# Please Help Me My Clown Fish Are Dying !!!!!!!



## Jon Rowan (Dec 10, 2007)

i recently bought a 10 gallon Nano Cube marine fish tank. I started off with a few live rocks, 2 coral and some hermit crabs and snails. I waited 1 month for the water to "mature" (as advised by the guy at the shop) then added 2 percula clown fish and a "cleaner" shrimp. 5 days later the smaller of the 2 died so I added another small one, given to me by the same guy at the shop. 4 days that one died!!! I spoke to guy at the shop and he said that the bigger one probably hasn't changed sex yet so was bullying the smaller ones. I am also going through what he calls an Algae bloom which is causing the tank to get really dirty within days. The algae is a dark thick green colour and also I have a red/pink algae like substance growing on the sand and the back of the tank in 1 area only - he tells me this is natural. All crabs, snails, corals and the shrimp are fine and so is the remaining clown. I am seeking advise on this matter because I don't know if I'm being told the truth as to what is happening to the small fish, although I know the guy is not in this for financial gain as he has replaced the 1st dead fish for free. He has told me he has a new batch coming in tomorrow and has said he'll either give me 1 new fish thats bigger than the original, or give me a brand new pair. can you please help me with this whole situation as I don't want to add any more fish knowing they might die.


----------



## verbosity (Nov 16, 2007)

I know very little about SW. So you should probably ignore this post.

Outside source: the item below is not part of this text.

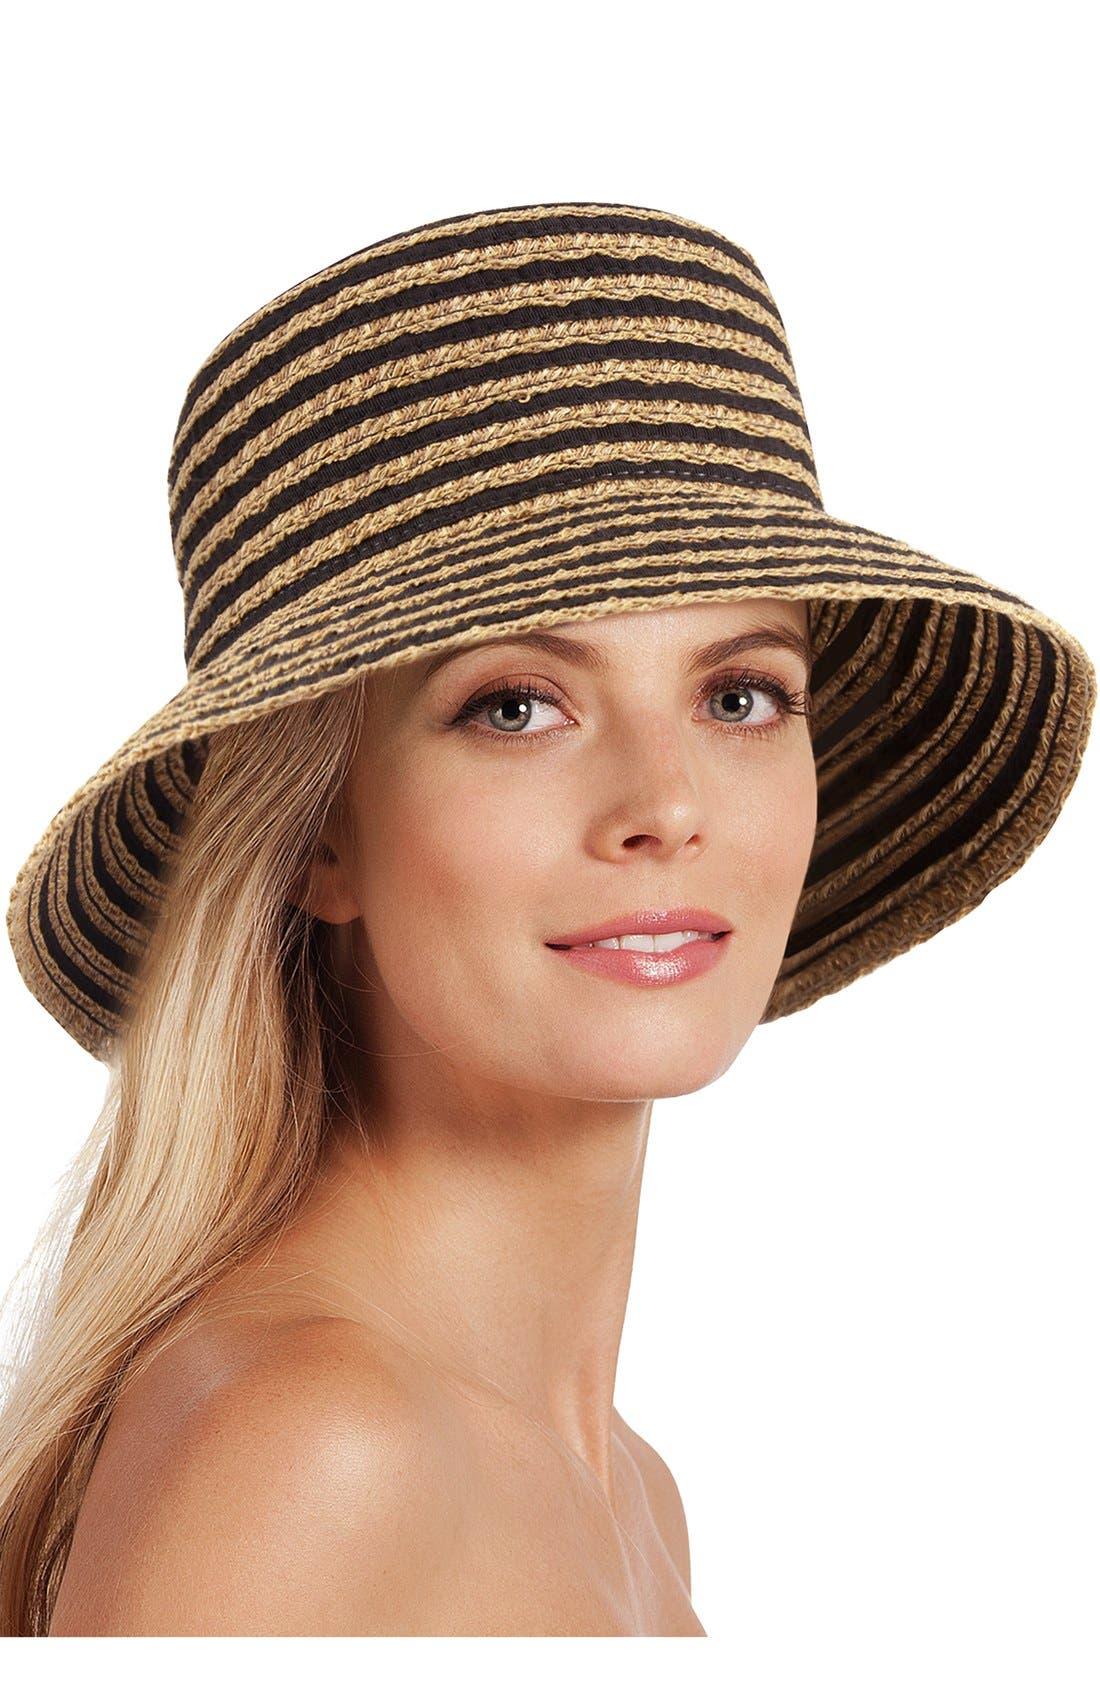 'Braid Dame' Hat,                             Alternate thumbnail 2, color,                             Black Mix

My sister has three SW tanks.. She has told me about how each clown fish needs a see anemone. Maybe your second fish is getting stressed out because their isn't one. 

My sister had one clown fish die shortly after the anemone died (from the clown fish being to rough).


----------



## bettababy (Oct 12, 2006)

The easiest way I could put this is that your tank is already full with 1 clown and the rest of what you named. There isn't enough territory in a 10 gallon for 2 clown fish, and even if you get a mated pair, you may still run into waste issues/water quality issues. Wtih all of what you listed I would be expecting to do water changes at least twice/wk.

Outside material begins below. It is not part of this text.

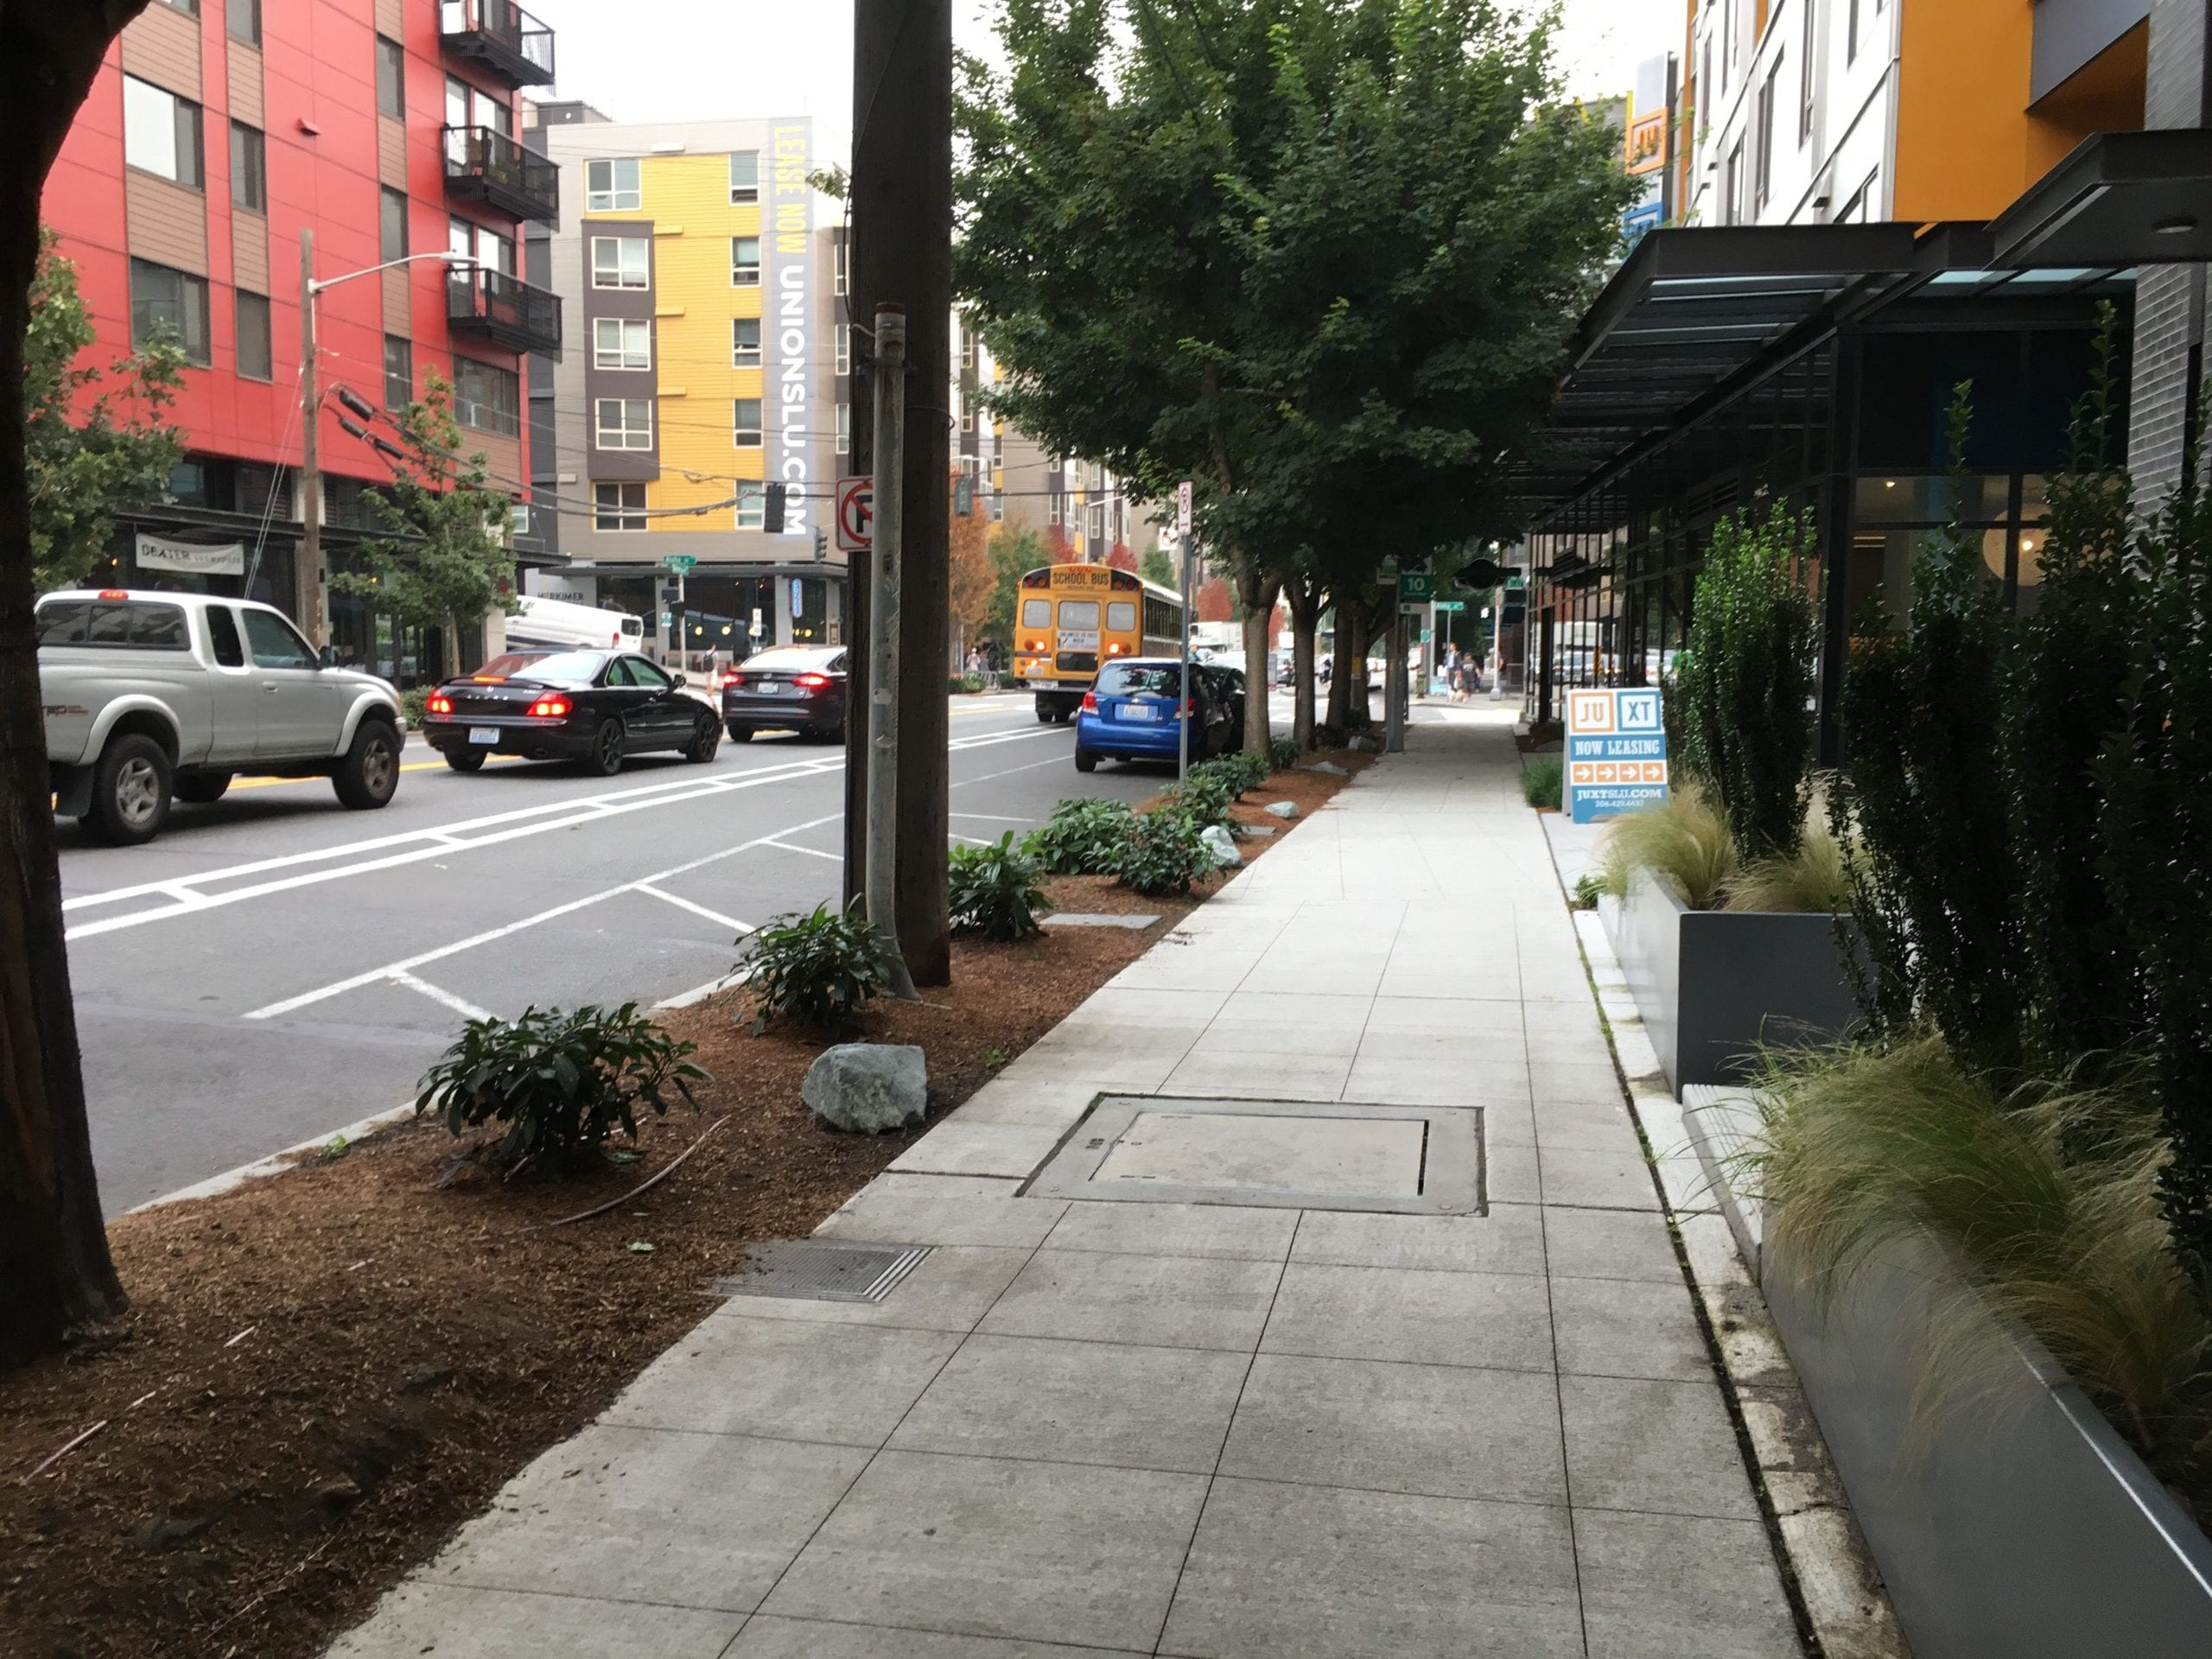 Dexter Avenue North

As for your algae growth, it is true that algae growth is normal... but there comes a time when normal becomes problematic due to size of the tank and what is in it. More frequent water changes, making sure the surface is skimmed at least once/day, keeping feedings light, and keeping the lights to 8 - 10 hrs/day and no more, making sure it isn't too strong... all of these things will help to get it under control. The other big help would be to add as much live rock as you can to the tank. Live rock is your main filtration, and without enough of it, you'll run into problems as time goes on. Is your substrate sand or crushed coral? 

Please remember that most animals you purchase are not yet full grown, and knowing how big they get is very very important. You can't fit as many animals into a saltwater tank as you can with freshwater, and the bigger the tank the easier it is to keep stable and the less work it will take to keep it there. Also, remember that a saltwater tank is not considered mature for about the first 2 yrs of being set up, so the period of time before that will mean a lot of ups and downs. Watch SPG/salinity in a small tank like that, too. It will fluctuate rapidly with evaporation, and knowing what it is will help determine whether to add saltwater or freshwater at any given time. Corals, fish, and inverts are all very sensitive to that. Keep an eye on Calcium levels, in small tanks they tend to be depleted quickly, and you will usually need to add liquid calcium to keep things healthy. 
If you need any other help, let us know. Good Luck!


----------